目鼻立ちは整っているが、骨と皮ばかりに見える少女は、健康的とは言えない痩せ方をしている。
食事を満足に与えられていないか、病気なのではないかと思えたのだ。
「私以外の女の話はしないで」
打って変わり、刺々しい言い方で俺を叱責した。
「しかし、俺の従者のアデルも女だ」
「では、首にして。新しい従者なら、私が手配するわ」
俺は、アデルに視線を向けようとした。
振り返る前に、短い指で顔をつかまれた。
「おほほほっ。なんのおつもりですの?」
俺は、俺の顔を掴むドドンゴ令嬢の手を掴んだ。
「アデルは従者だと言ったが、実際は仲間だ。首になどできない」
「なお悪いわ。どこまでの関係なの?」
「どこまでとは?」
「言わせる気?」
言いながら、ドドンゴ令嬢は小さな目を見開き、飛び出しそうな目玉を俺に向けた。
「……わかった。大切な仲間だが、お嬢様の選んだ従者がアデルより強ければ、アデルとは距離をとろう」
「ふん。まあ、それでもいいわ。それで……子どもは何人ほしいの?」
突然、表情が柔和に変わった。まるで、ナメクジを捕食しようとしているガマガエルのようだとは、俺個人の感想である。
「一人もいらないな」
思わず口を突いて出た。ドドンゴ令嬢との子どもであれば、とはあえて言わなかった。
「あらあら。子どもが苦手なのね。わかるわ。でも、自分の子どもは特別よ。特に、私との子どもであればね」
ドドンゴ令嬢は、笑みをうかべながら俺に投げキッスをした。
俺の持っていたカップの持ち手が割れた。力の加減を誤ったのだ。
「お嬢様は……」
「お嬢様だなんて、他人行儀な呼び方はやめて。それに、実態はどうあれ、公爵令嬢の私より、王子継承権第1位の殿下の方が位は高いのよ。キャサリンと呼んで」
「『キャサリン』?」
名前以外は、令嬢の言うことの方が正しいのだと認めざるを得ない。
「ええ。ドドンゴというのはお父様のつけてくれた名前で、普段はこちらで通しているわ。でも、ごく一部、本当に親しい人にだけ、キャサリンと呼ばせることにしているの」
「俺たちは、それほど親しくないだろう」
「これから親しくなるのじゃない。誰よりもね」
ドドンゴ公爵令嬢は、グフフと笑った。
「さっきの話だけど……」
俺は、ドドンゴの従者の話に戻したかった。
人間優位の世界ではない。やせ細り、飢え死にしていく人間が、もっとも豊かな国でもいくらでもいる世界である。

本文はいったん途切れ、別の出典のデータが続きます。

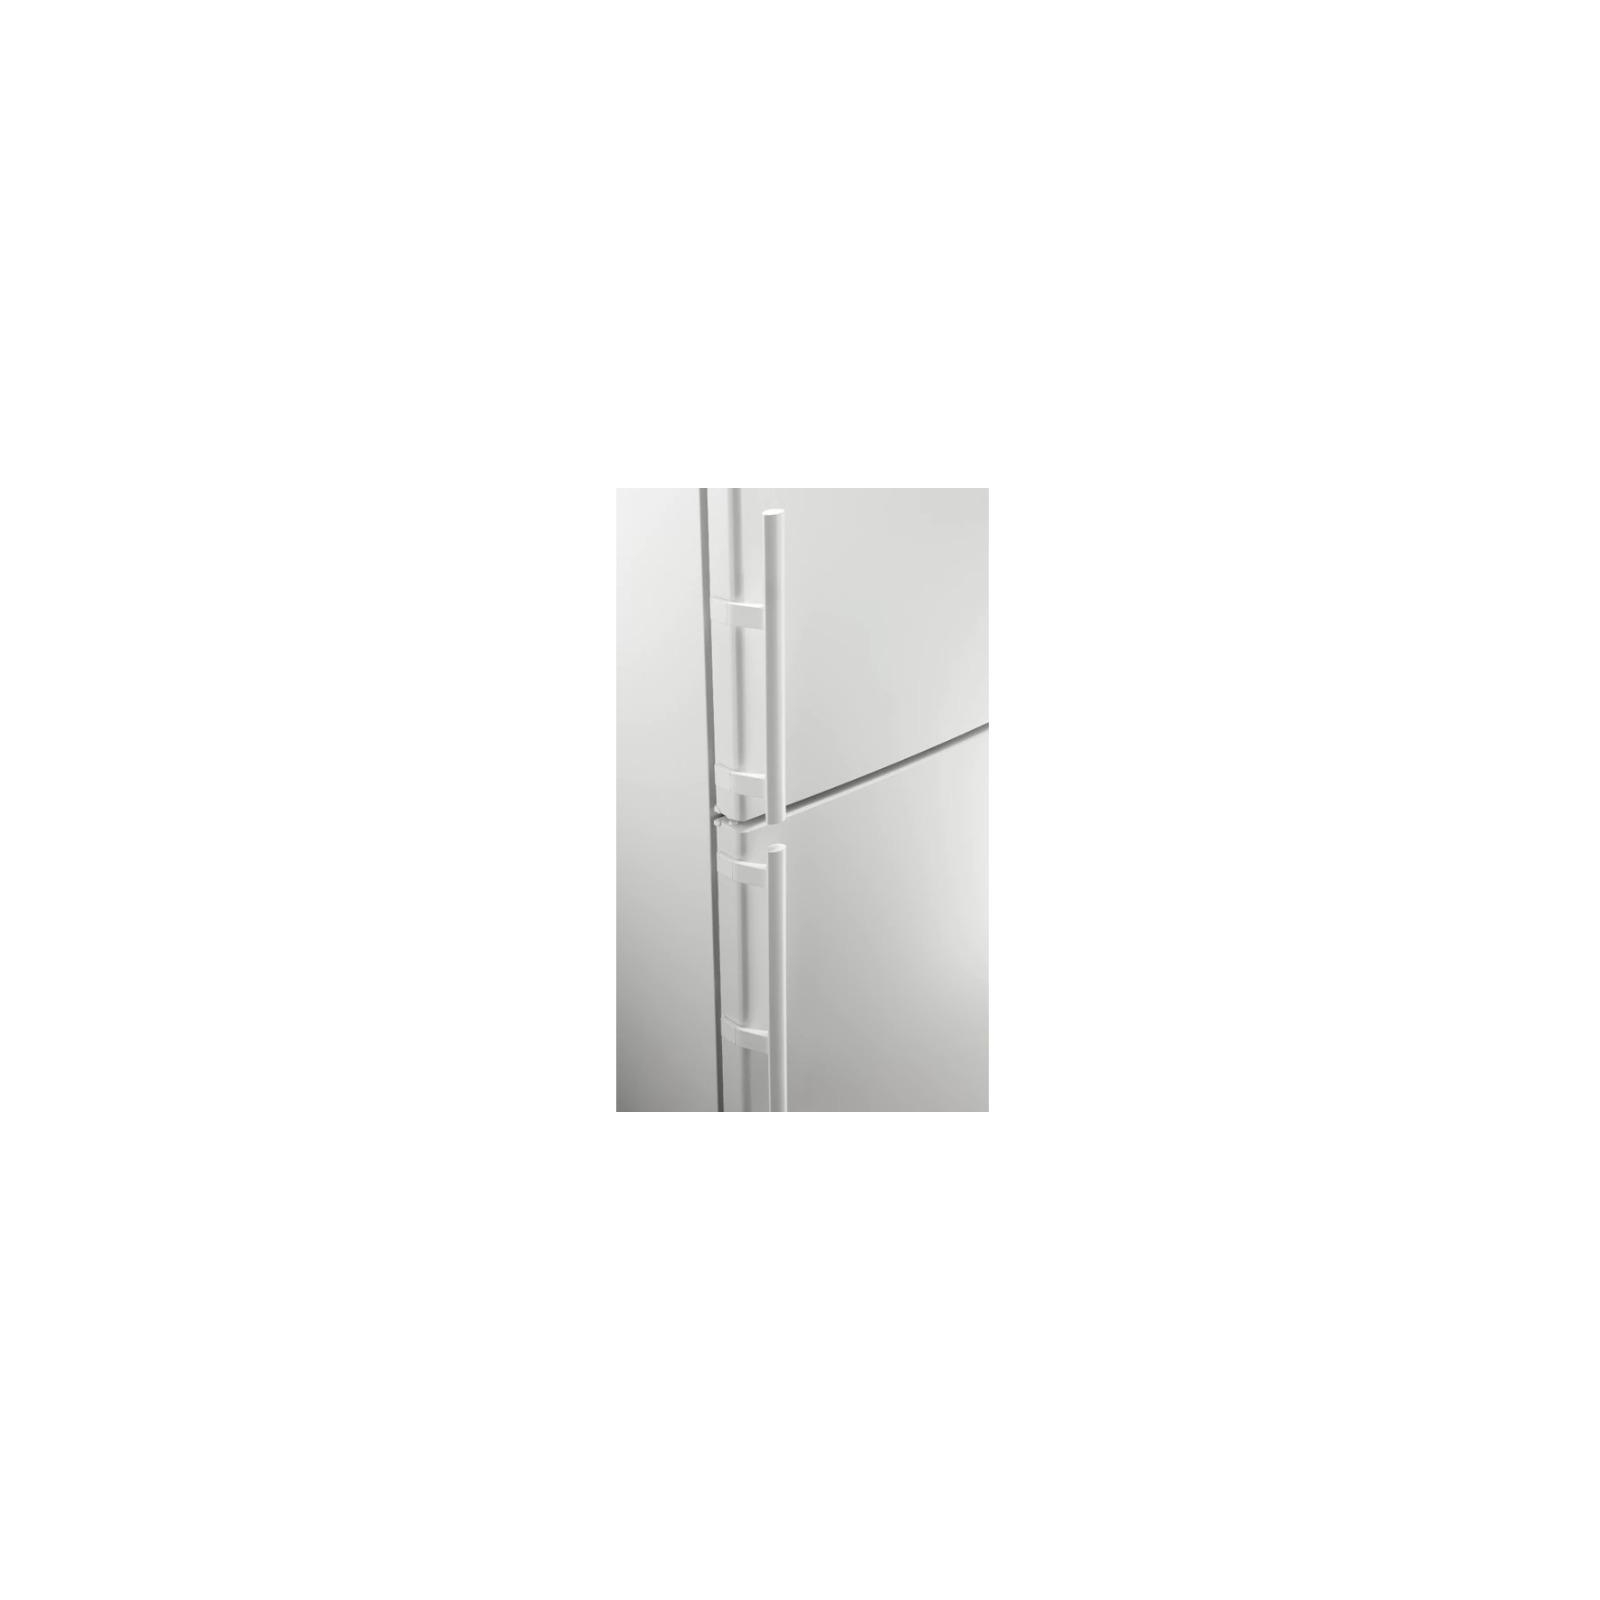 Холодильник Electrolux EN3853MOW зображення 4

だから、公爵家の使用人で、しかも奴隷らしい少女がやせ細っていても、不思議なことではない。
だが、服から伸びた少女のがりがりに細い腕が、妙に頭から離れなかった。
「ええ。解っているわ……」
ドドンゴ令嬢はにっこりと手を叩いた。ほかの女性の話題は危険かと思ったが、ドドンゴは笑いながら続けた。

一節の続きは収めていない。